Филипп пытался понять, что влечет ее на тот берег. Уж не сон ли, предшествовавший ее болезни, предположительно явился тому причиной? Пока она болела, он так сильно переживал за нее, что многие месяцы, когда он по ночам проваливался в тяжелое забытье, навязчивый образ Кинрэйда не тревожил его сознание. Но теперь тот давний кошмар вернулся, и он снова с пугающей ясностью видел гарпунщика у своей постели. Ночь за ночью сновидение повторялось – каждый раз с каким-нибудь новым штрихом реальности, как бы становясь все ближе, – пока ему не стало казаться, что судьба, настигающая всех людей, стучится в его дверь.

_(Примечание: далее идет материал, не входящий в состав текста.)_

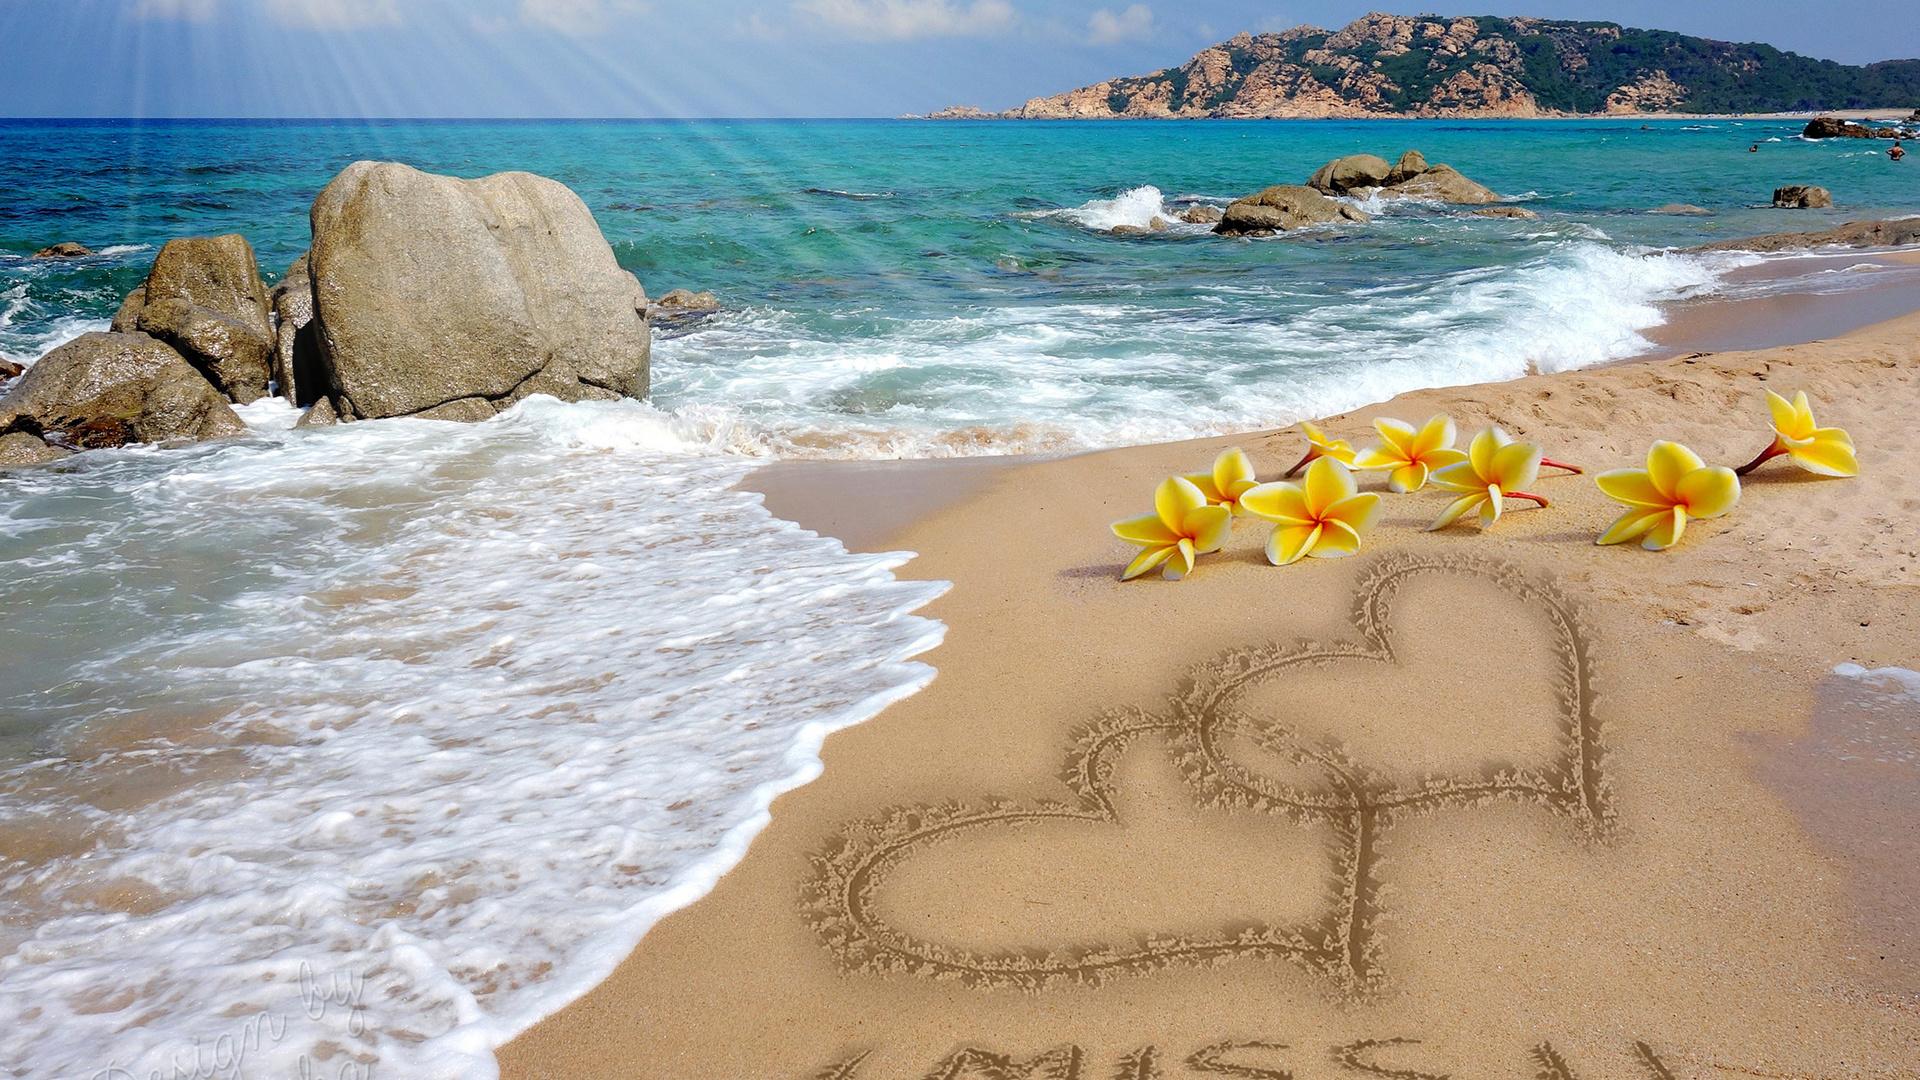 также открытки цветы на берегу океана взять хотя просто

В сфере бизнеса Филипп преуспевал. И за это заслужил всеобщее восхищение. Он обладал упорством, блестящими умственными способностями, великолепно считал, был уравновешен и предусмотрителен. Благодаря этим качествам в большом городе он стал бы крупным торговцем. Без каких-либо усилий со своей стороны он занял положение ведущего компаньона, который выдвигал идеи и находил пути их осуществления, а Кулсон, едва ли сознавая, что находится на вторых ролях, просто исполнял то, что задумывал Филипп. Это было его призвание: он старался в полной мере использовать те возможности, что имелись в его распоряжении, и ни на что другое не претендовал. Он предложил несколько дерзких схем, касавшихся деятельности магазина, и его бывшие работодатели, которые предпочитали проверенные схемы и с подозрением относились ко всему новому, нашли в себе силы признать, что замыслы их преемников приносят успех. «Их приемники». Филиппа вполне устраивало, что у него есть власть, которую он по необходимости может применить, и никогда не подчеркивал, что именно он внес наибольший вклад в новые достижения. Наверно, если б подчеркивал, самолюбие Кулсона было бы задето, и впредь он был бы менее уступчив. Ну а так Кулсон забывал, что в их дуэте он – вторая скрипка, и всегда употреблял величавое «мы», «мы подумали», «у нас возникла мысль» и т. д.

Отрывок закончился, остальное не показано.